§ Supplied material
= = = =

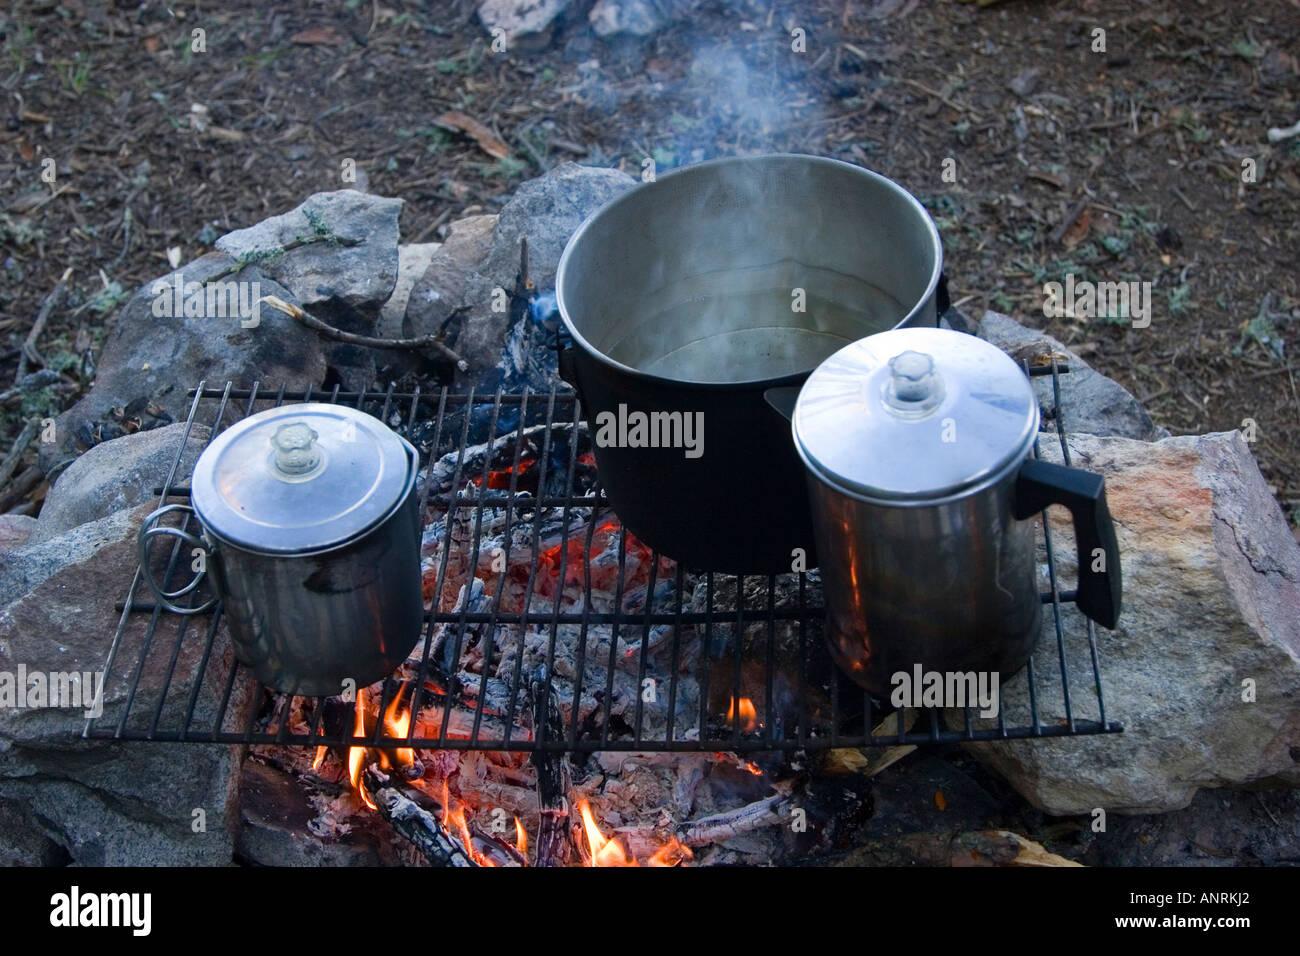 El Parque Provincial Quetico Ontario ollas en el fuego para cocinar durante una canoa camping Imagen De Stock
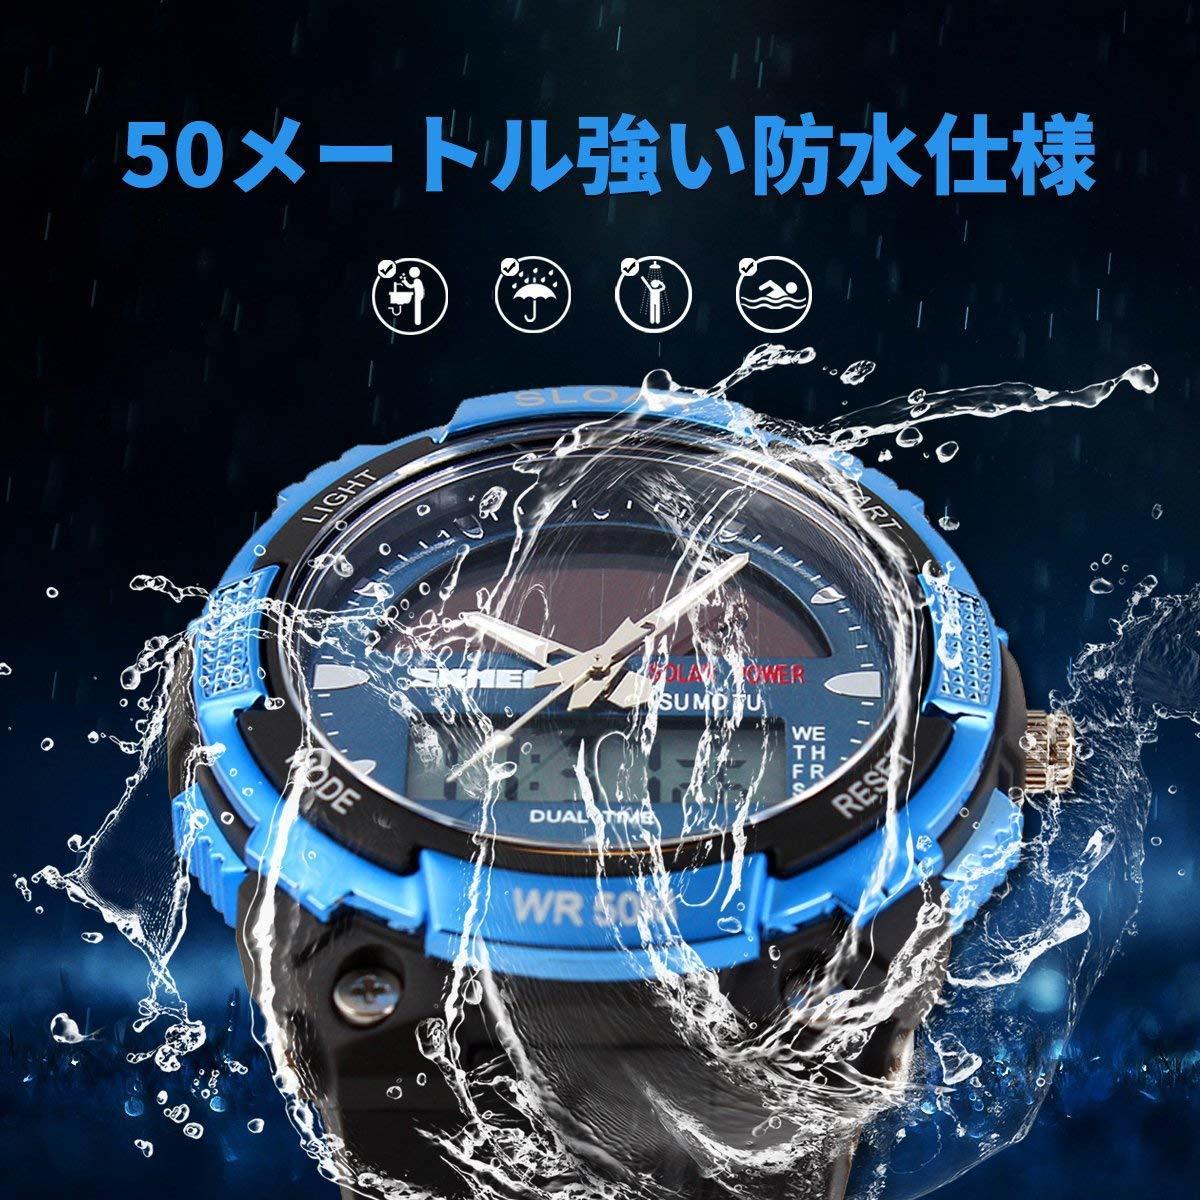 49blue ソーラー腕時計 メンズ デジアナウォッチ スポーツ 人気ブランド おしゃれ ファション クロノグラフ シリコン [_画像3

= = = =

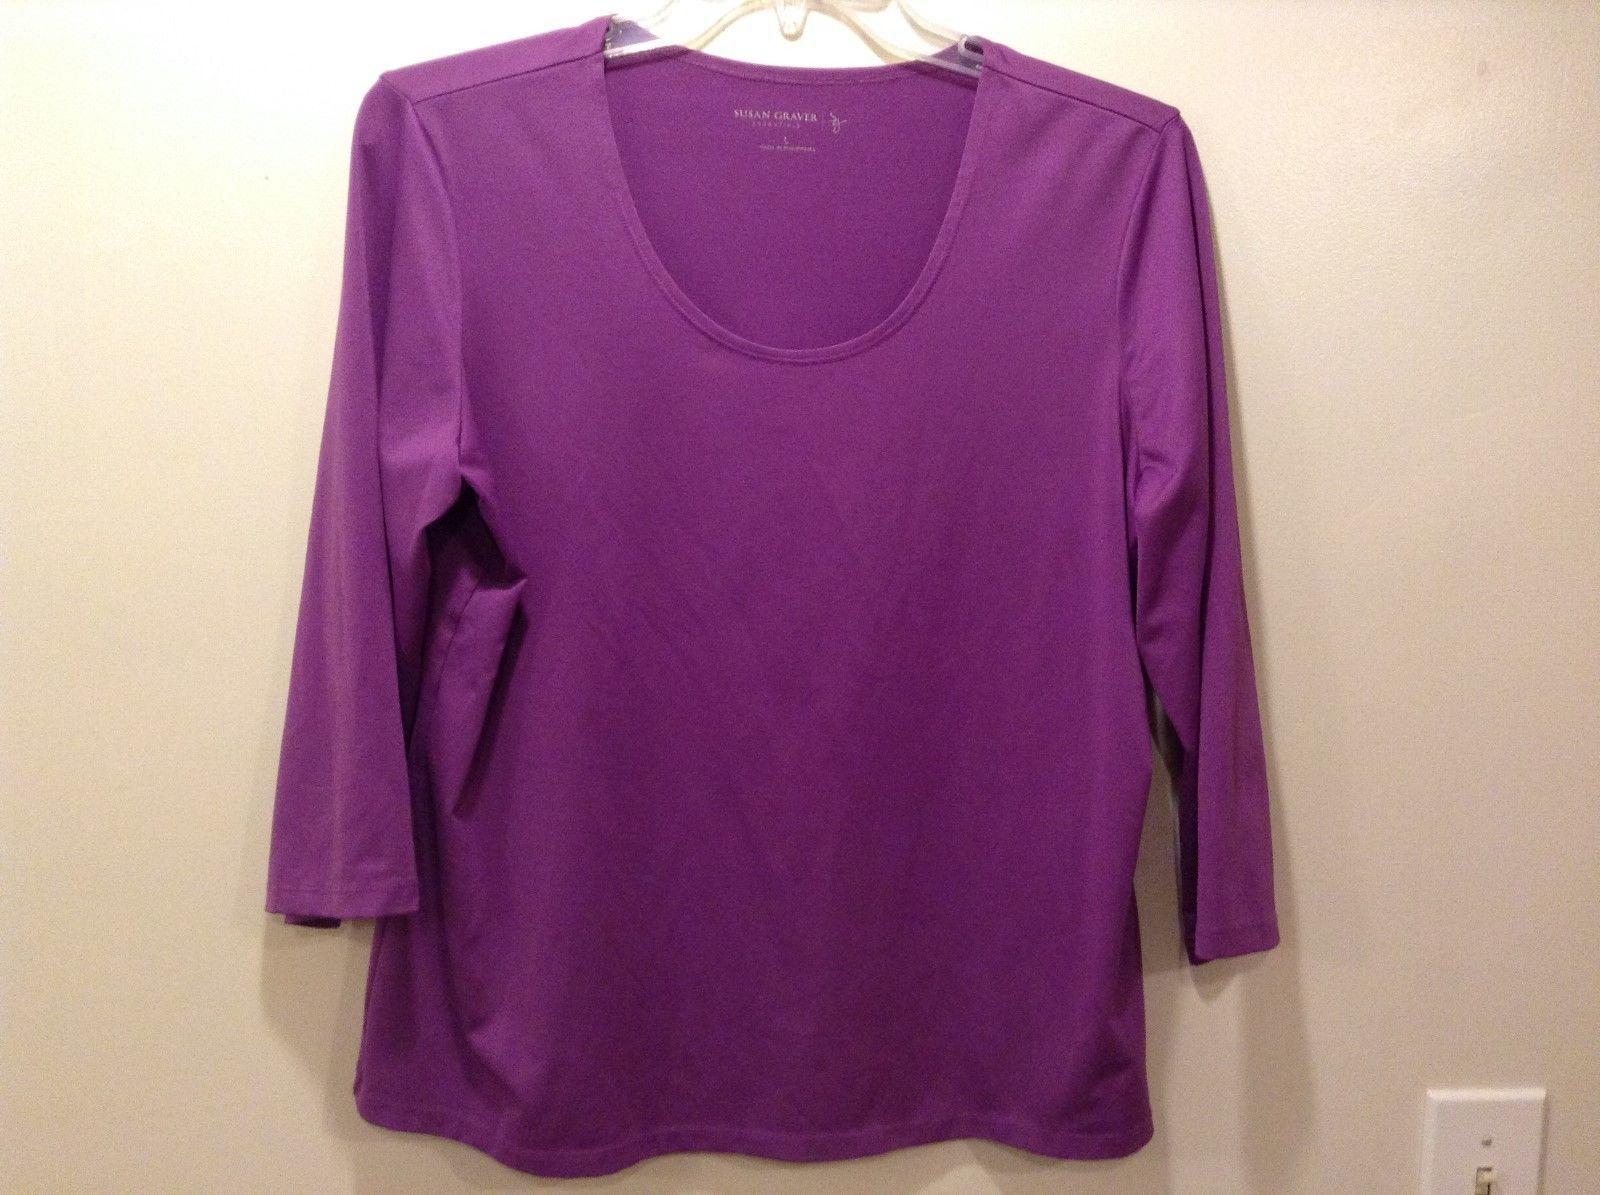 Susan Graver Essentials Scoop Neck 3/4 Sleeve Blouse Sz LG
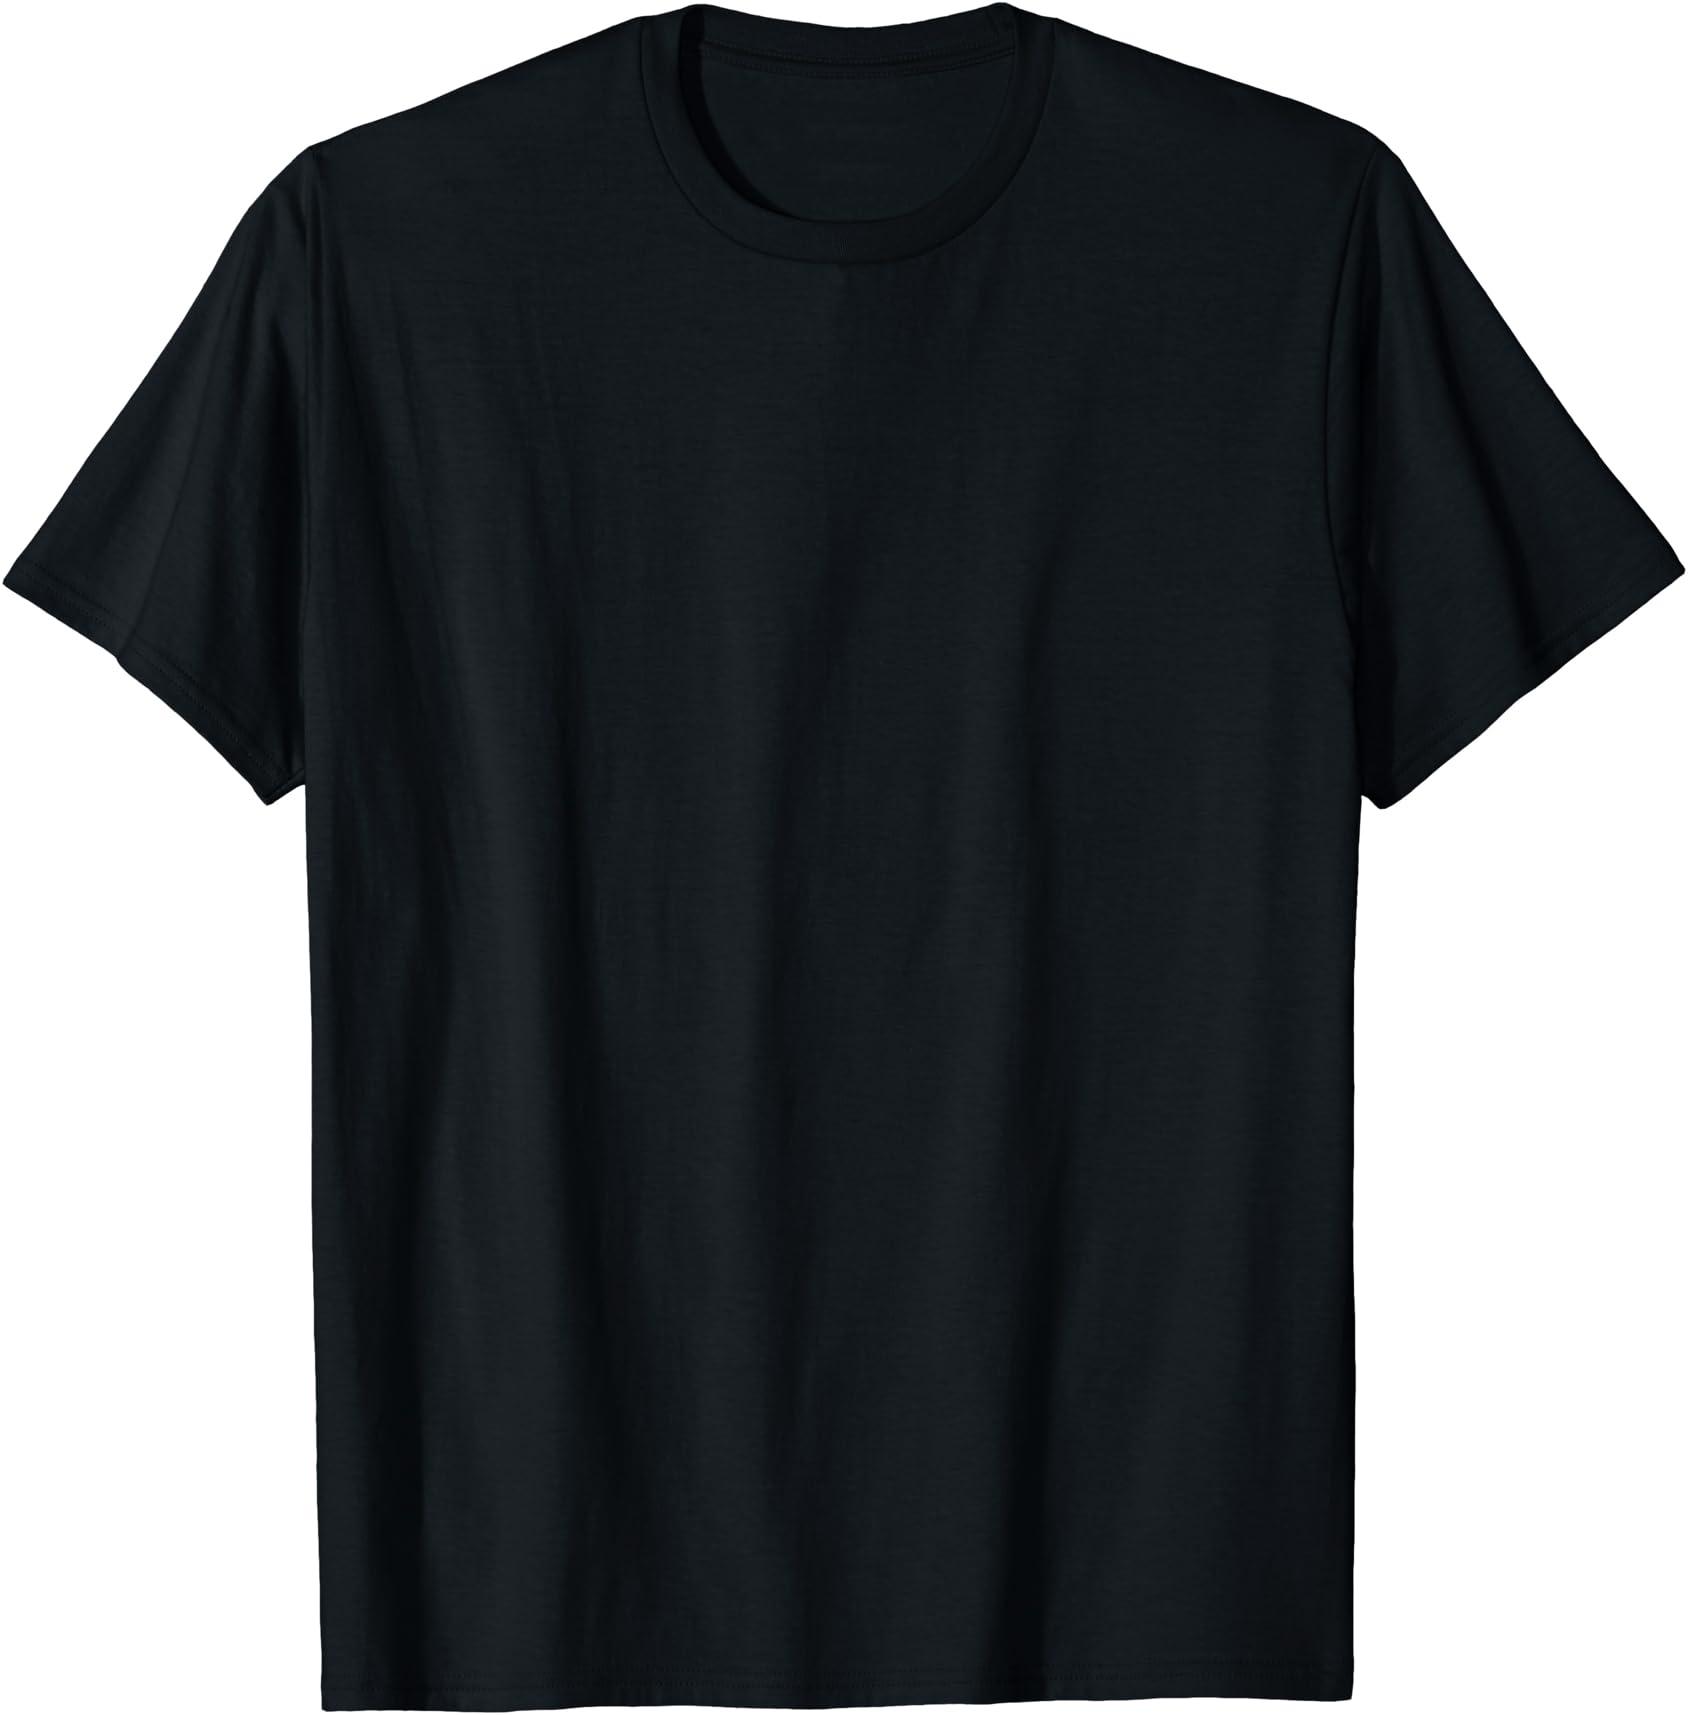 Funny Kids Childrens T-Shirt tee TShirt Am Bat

= = = =

§ The task
Copy the listing above exactly, but only from the line with "El Parque Provincial" through the line with "49blue ソーラー腕時計 メンズ", including those two lines and excluding any picture.

§ Exercise response
 El Parque Provincial Quetico Ontario ollas en el fuego para cocinar durante una canoa camping Imagen De Stock
 49blue ソーラー腕時計 メンズ デジアナウォッチ スポーツ 人気ブランド おしゃれ ファション クロノグラフ シリコン [_画像3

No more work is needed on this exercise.